Cluster headache (CH) is a primary headache called trigeminal autonomic headache. Episodic cluster headache (ECH) accounts for 85% to 90% of CH cases, which is a disabling disease with a prevalence rate of about 124 per 100,000 adults. At present, the lack of understanding of CH leads to misdiagnosis. In the United States, there is no approved drug for the preventive treatment of ECH.
Gudarz Davar, vice president of neuroscience development in Lilly, said, “Cluster headache is a severely disabled and painful neurological disease with few treatment options and only limited research in rigorous clinical trials. We are pleased that FDA has granted priority review to our sBLA, which recognizes that this devastating disease requires new treatment and brings us closer to providing these patients with a preventive treatment option. ”
Emgality specifically blocks calcitonin gene-related peptide (CGRP) receptor, which plays a key role in the occurrence of migraine. CGRP is a neuropeptide that has been shown to be released during migraine attacks and is considered to be the cause of migraine attacks. At present, CGRP receptor has become a hot target for migraine drug research and development.

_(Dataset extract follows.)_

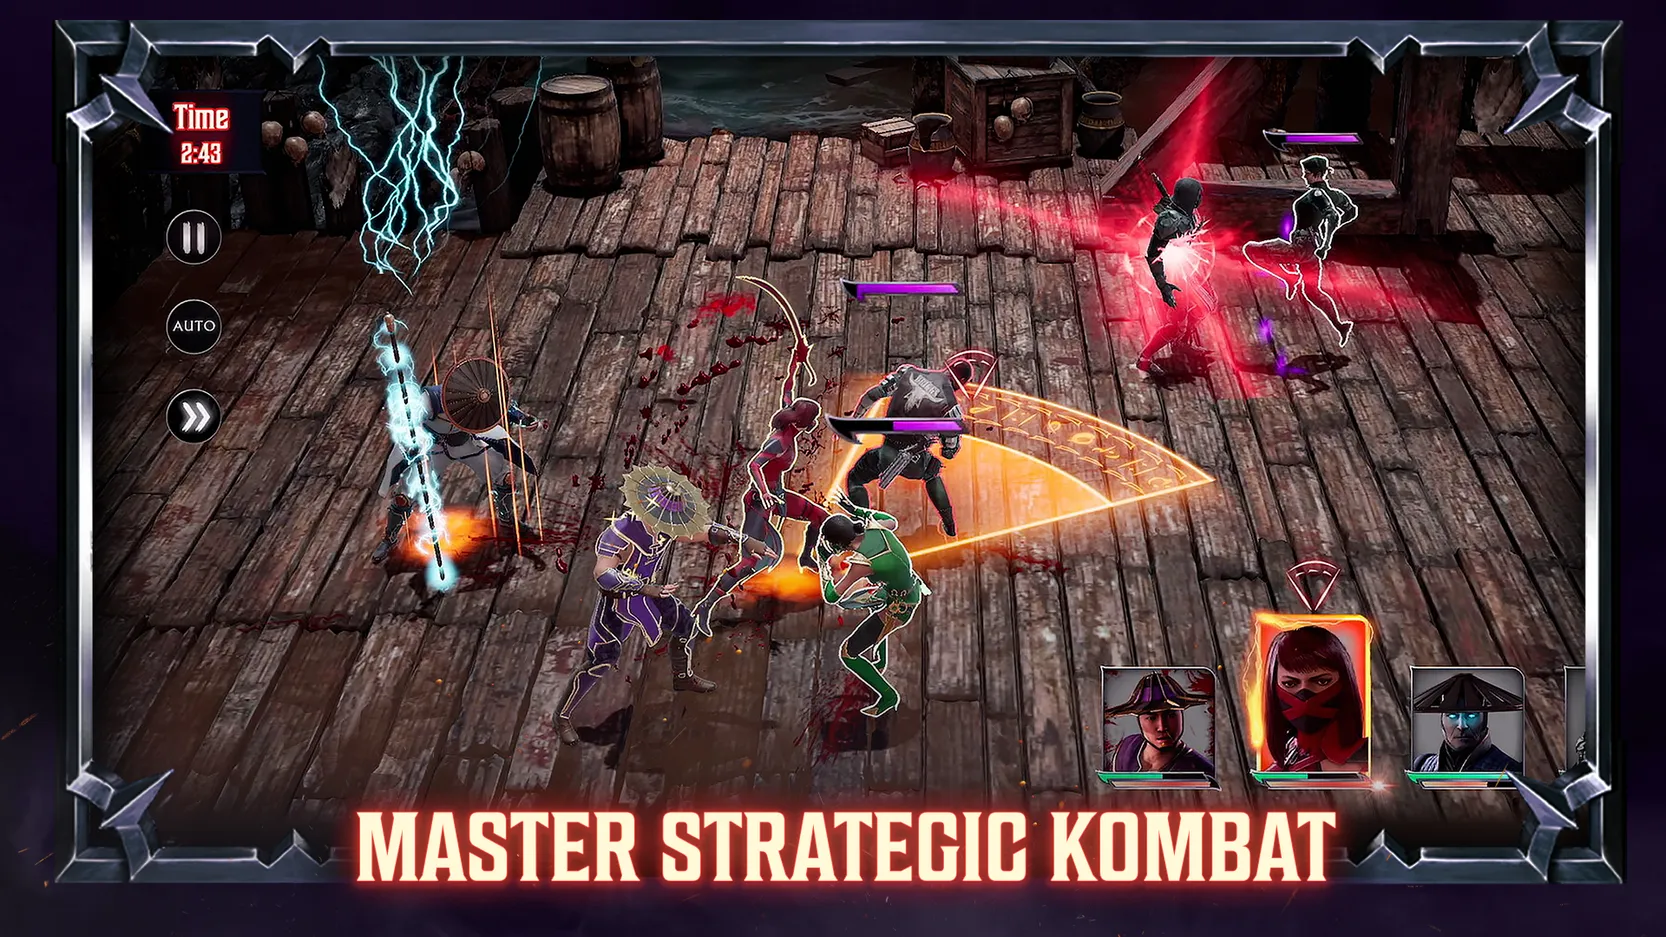 Mortal Kombat: Onslaught APK MOD 1.1.0 Download for Android
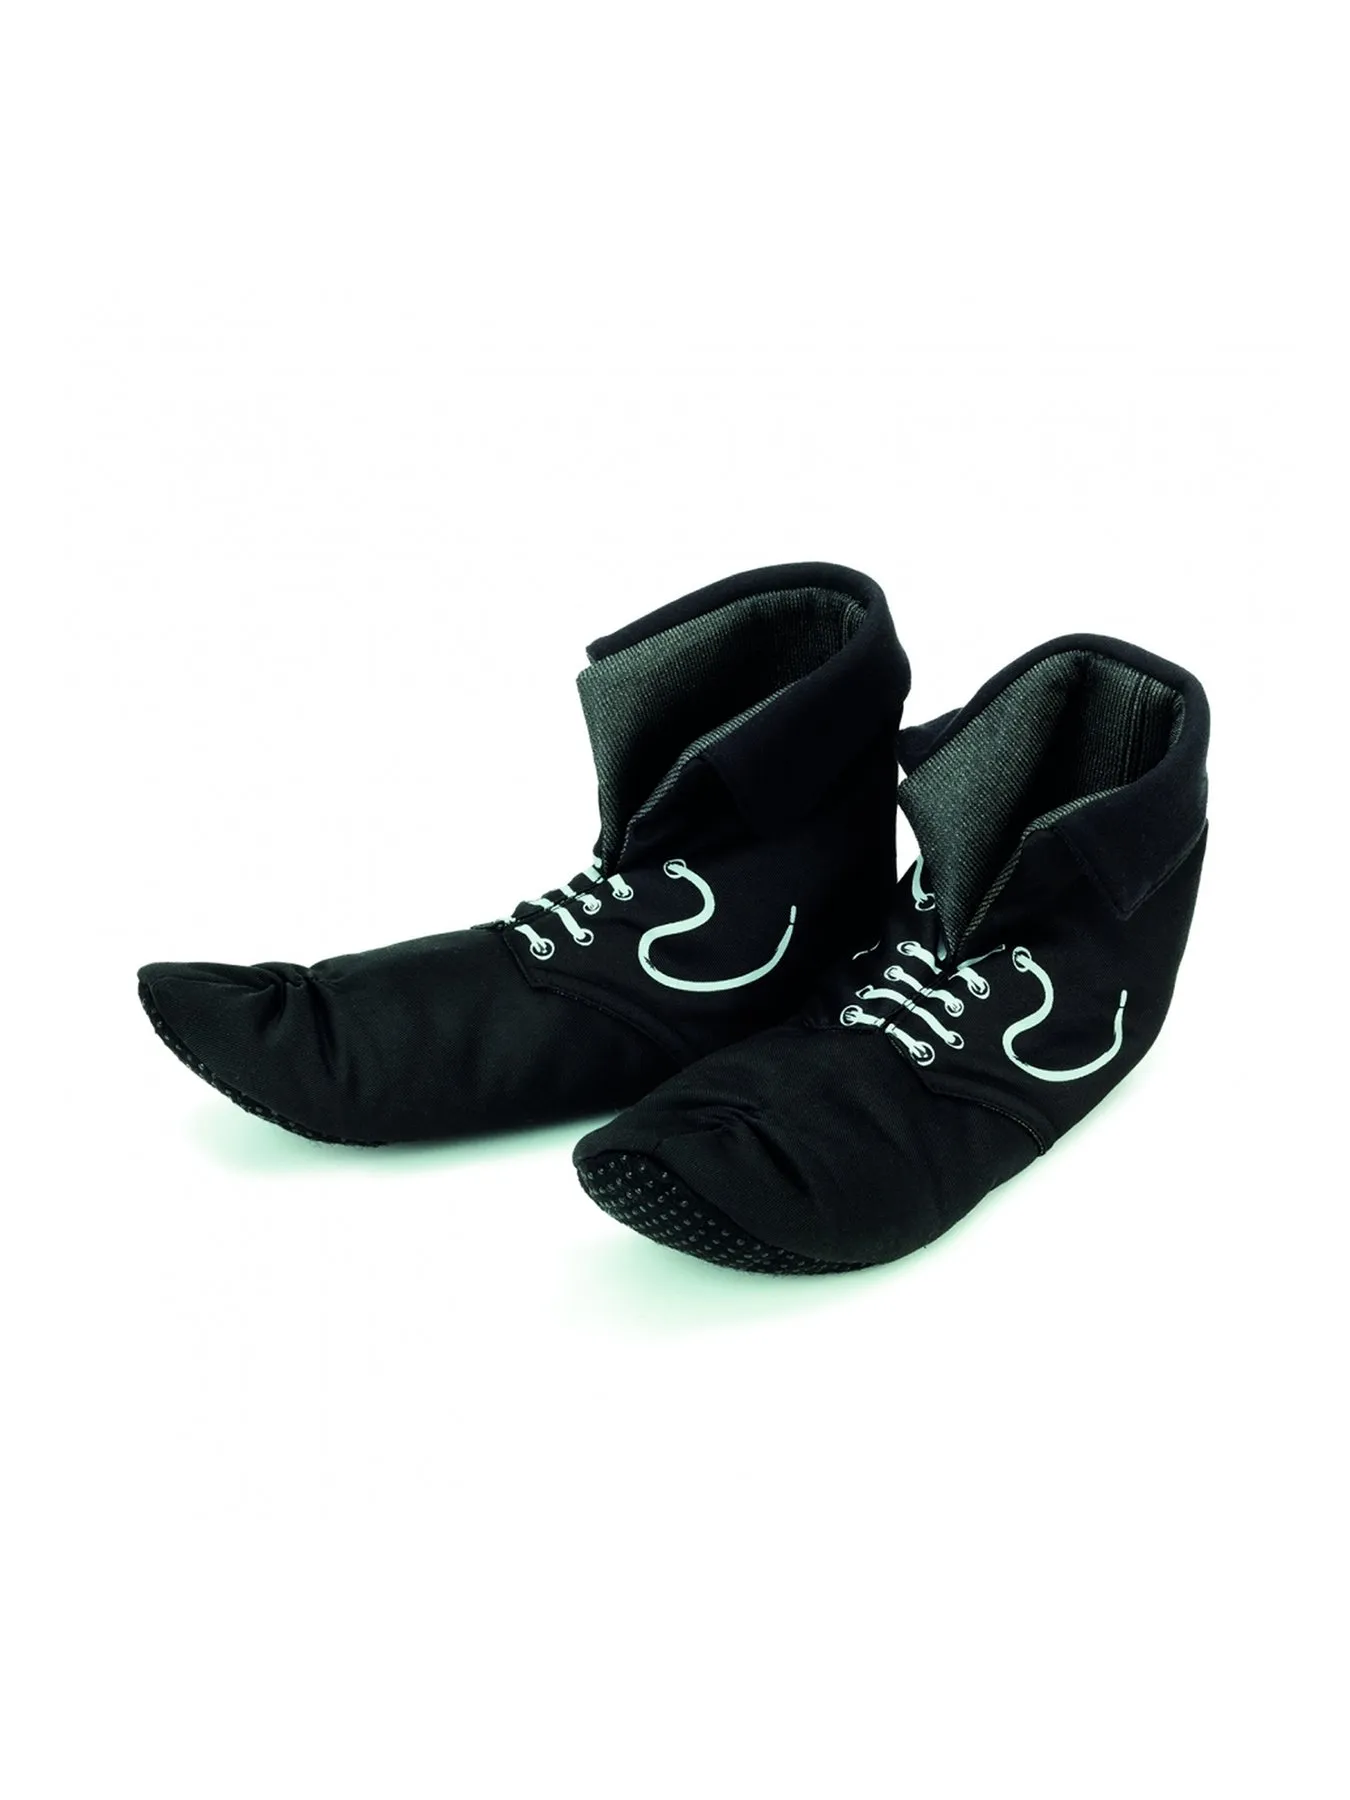 Boots Pippi Longstocking - Black

In the United States, Emgality was approved by the FDA in September 2018 to prevent migraines in adults. Migraine is a neurological disease characterized by recurrent severe headaches. More than 30 million of American adults suffer from migraines. Currently, Lilly is recruiting patients for phase III clinical studies to evaluate the effectiveness of Emgality in the prevention of migraine in children and adolescents (6 to 17 years age). As part of Lilly’s overall pain mix, Emgality is the first of three experimental drugs under development. The portfolio also includes lasmiditan, developed in collaboration with Pfizer for acute treatment of migraine in adults, and tanezumab, for the treatment of osteoarthritis pain, chronic low back pain and cancer pain in adults.
In mid-November last year, Lilly submitted a new drug application for lasmiditan to the United States for acute treatment of migraines in adults with or without aura symptoms. The drug is an experimental, oral, central nervous system permeability, selectivity, serotonin 1 F (5-HT1F) agonist. It is different in structure and mechanism from the currently approved migraine drugs, and there is no vasoconstrictive activity. It is worth mentioning that lasmiditan is the first and only drug molecule in the “-ditan” class to be evaluated for acute treatment of migraine in adults. If approved, the drug would represent the first major innovation in migraine treatment in more than 20 years.